Selon lui, l'enjeu pour le Canada est d'entamer cette transition énergétique sans détruire les emplois liés aux énergies fossiles. « Cela doit se faire en formant des professionnels, en requalifiant ceux qui quitteront les emplois extractifs... » Mais aussi en changeant les mentalités. « Le Canada est surtout exportateur de ressources naturelles, plus que consommateur. Traditionnellement, le family business c'est l'extraction, donc il faut maintenant chercher à vendre autre chose », ajoute-t-il.

Et c'est sur ce point que l'ambassadeur entre en scène. Pour lui, concrétiser l'accord de Paris passe par la pédagogie. Jusqu'à la COP22 de Marrakech en décembre prochain, il va s'attacher à expliquer l'accord de Paris, cibler les obstacles qui émergent et leur trouver des solutions, inciter, promouvoir tout ce qui pourrait permettre sa mise en oeuvre dans les meilleurs délais. Son public principal : les décideurs du monde des affaires.

La France « ne donne de leçons à personne »
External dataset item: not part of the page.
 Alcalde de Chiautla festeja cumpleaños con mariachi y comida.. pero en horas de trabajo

Bien que l'image du Canada ait, de son propre aveu, beaucoup évolué depuis l'arrivée du gouvernement Trudeau, il faut, dit-il, dépasser les dissensions Est-Ouest au pays pour aller plus loin sur la scène internationale.
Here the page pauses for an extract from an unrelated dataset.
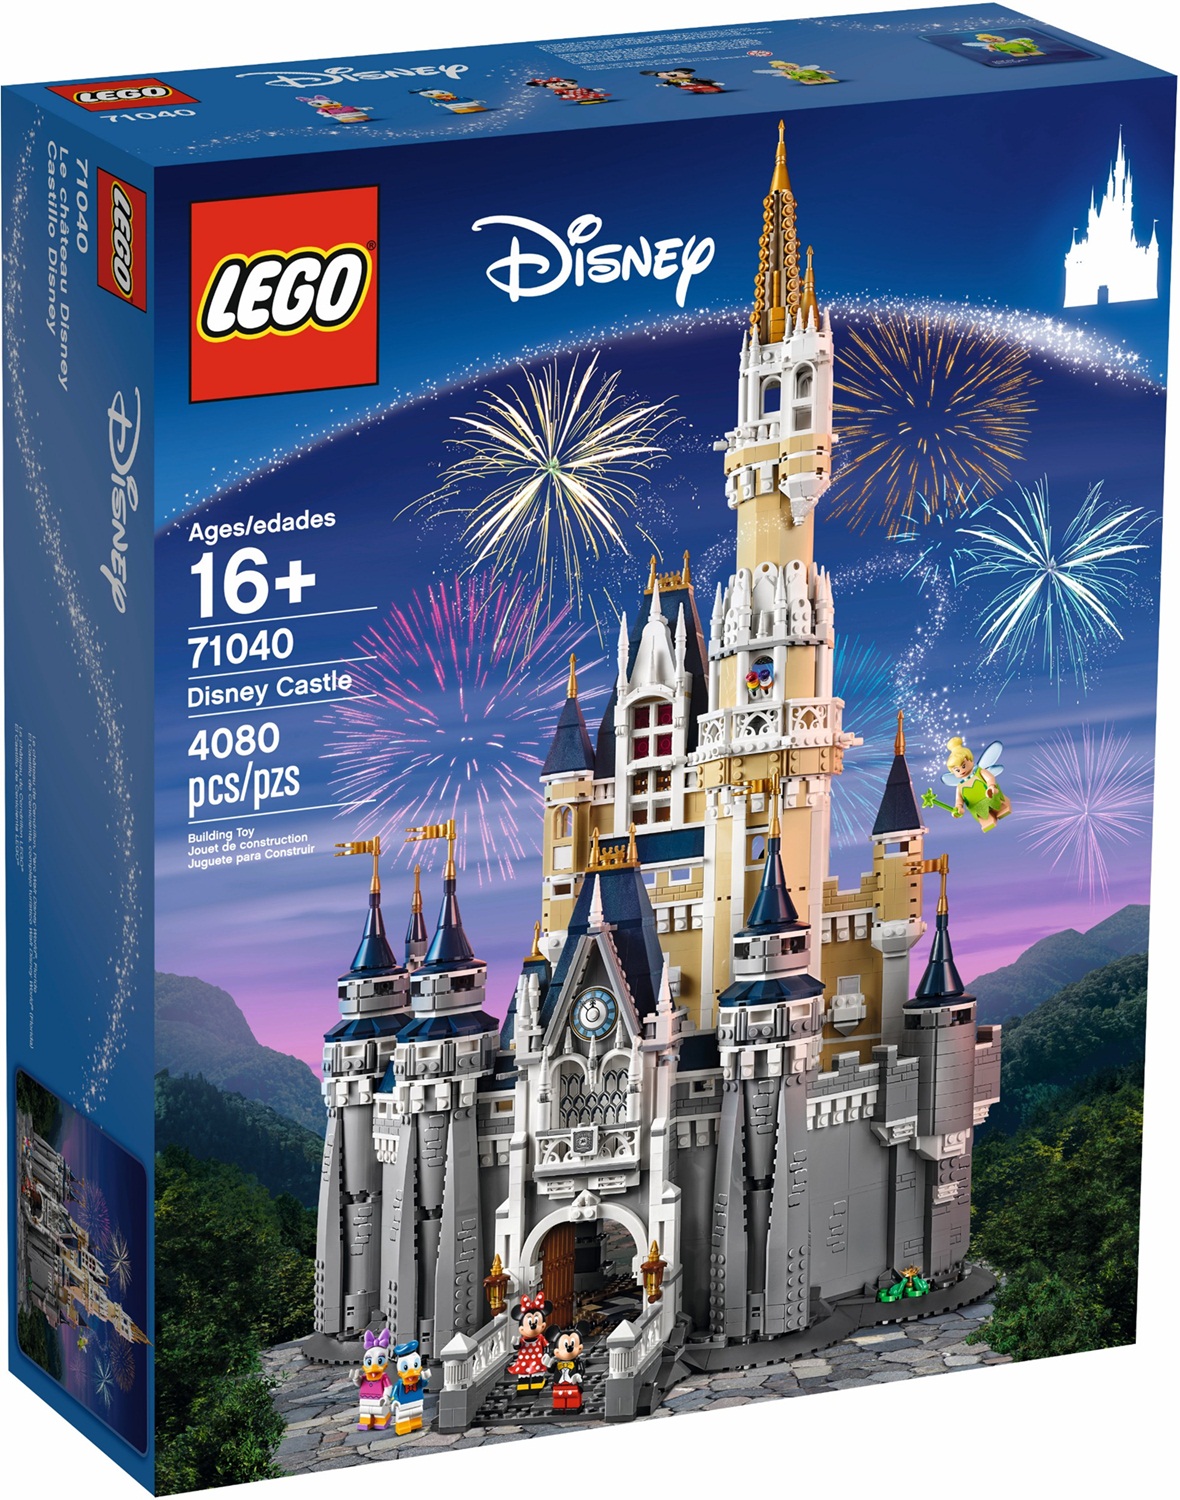 71040 LEGO Disney Castle - Lâu đài Disney

« Le Canada a besoin de plus d'horizontalité et pas que sur les questions énergétiques, sur l'ensemble des domaines. Par exemple, nous venons de passer une étape importante dans l'accord de libre-échange entre l'Europe et le Canada. L'un des enjeux de cet accord, c'est justement l'horizontalité, c'est-à-dire de permettre à quelqu'un qui est installé à Vancouver de pouvoir travailler plus librement avec le Québec et réciproquement », explique-t-il.
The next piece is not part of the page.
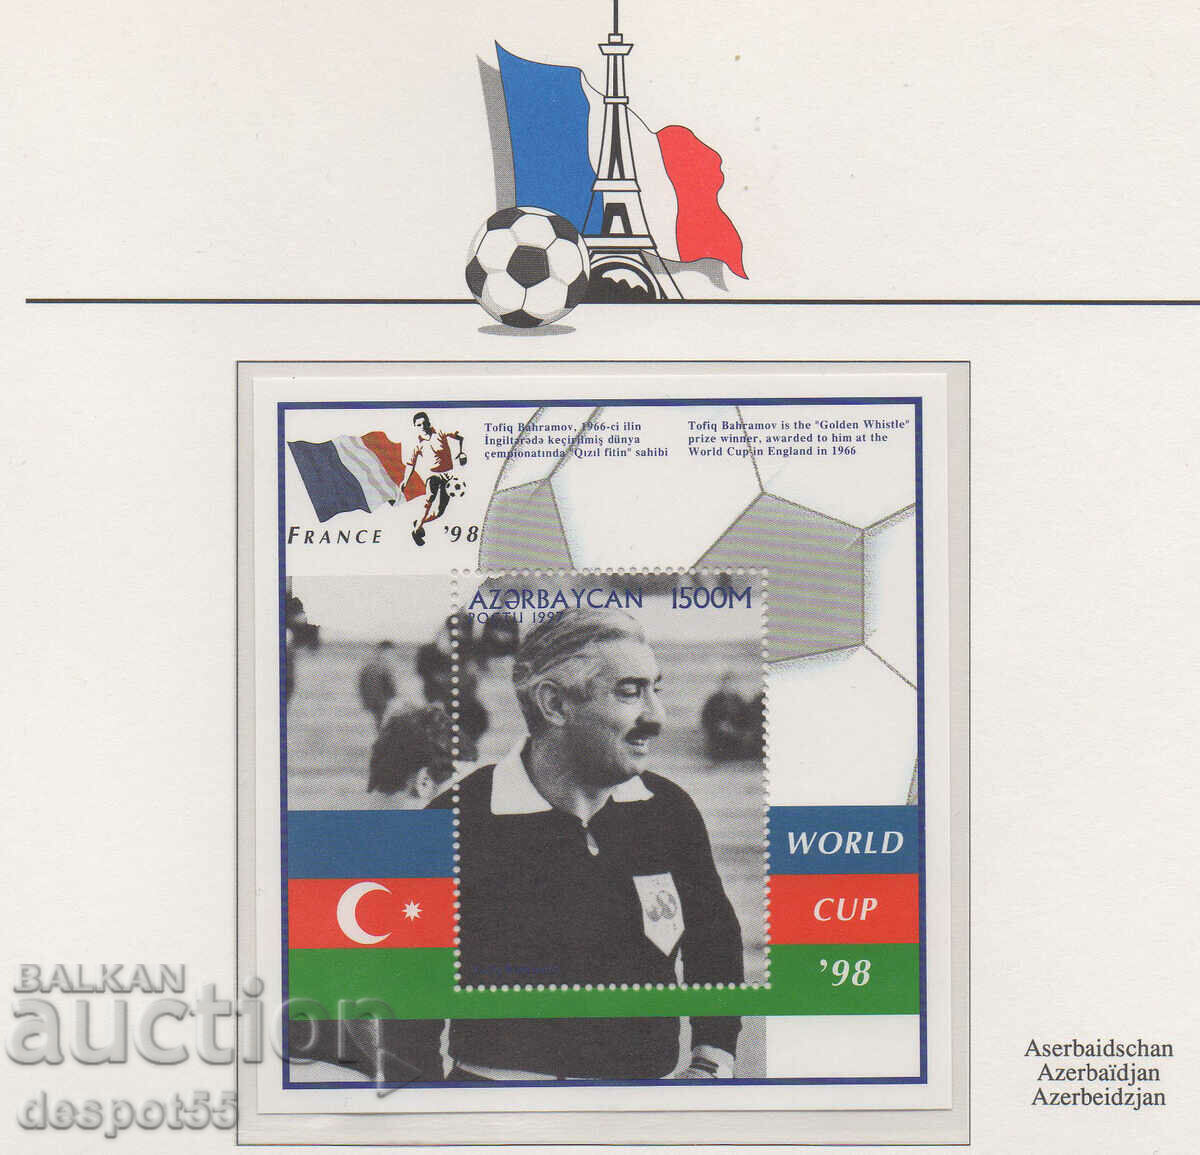 1997. Azerbaidjan. Cupa Mondială la fotbal - Franța '98.

Plus d'horizontalité pour ne pas perdre l'élan de la COP21 et parler d'une seule voix. Des difficultés auxquelles se heurtent tous les pays signataires de l'accord de Paris, y compris la France, qui accumule les couacs sur les questions environnementales ces dernières semaines. Prolongation de la durée de vie des centrales nucléaires, quasi-abrogation de la loi pollueur-payeur, polémique sur la construction d'un aéroport en zone protégée... les débats sont aussi enflammés de l'autre côté de l'Atlantique. Pas facile pour les ambassadeurs du pays hôte de la COP21 de faire valoir leurs arguments d'unité à l'étranger.

« Tous les pays ont leurs difficultés, avoue Nicolas Chapuis. La France ne donne de leçons à personne, elle a accepté d'organiser la COP21 alors qu'à l'époque personne ne voulait le faire. Nous avons réussi un accord qui même une heure avant d'être conclu faisait l'objet de nombreux doutes. Nous avons donc réussi l'impossible parce qu'impossible n'est pas français. Mais nous parlons aujourd'hui au nom de 196 nations qui ont signé l'accord et nous devons maintenant convertir cela en actes. Tous sans exception », conclut-il.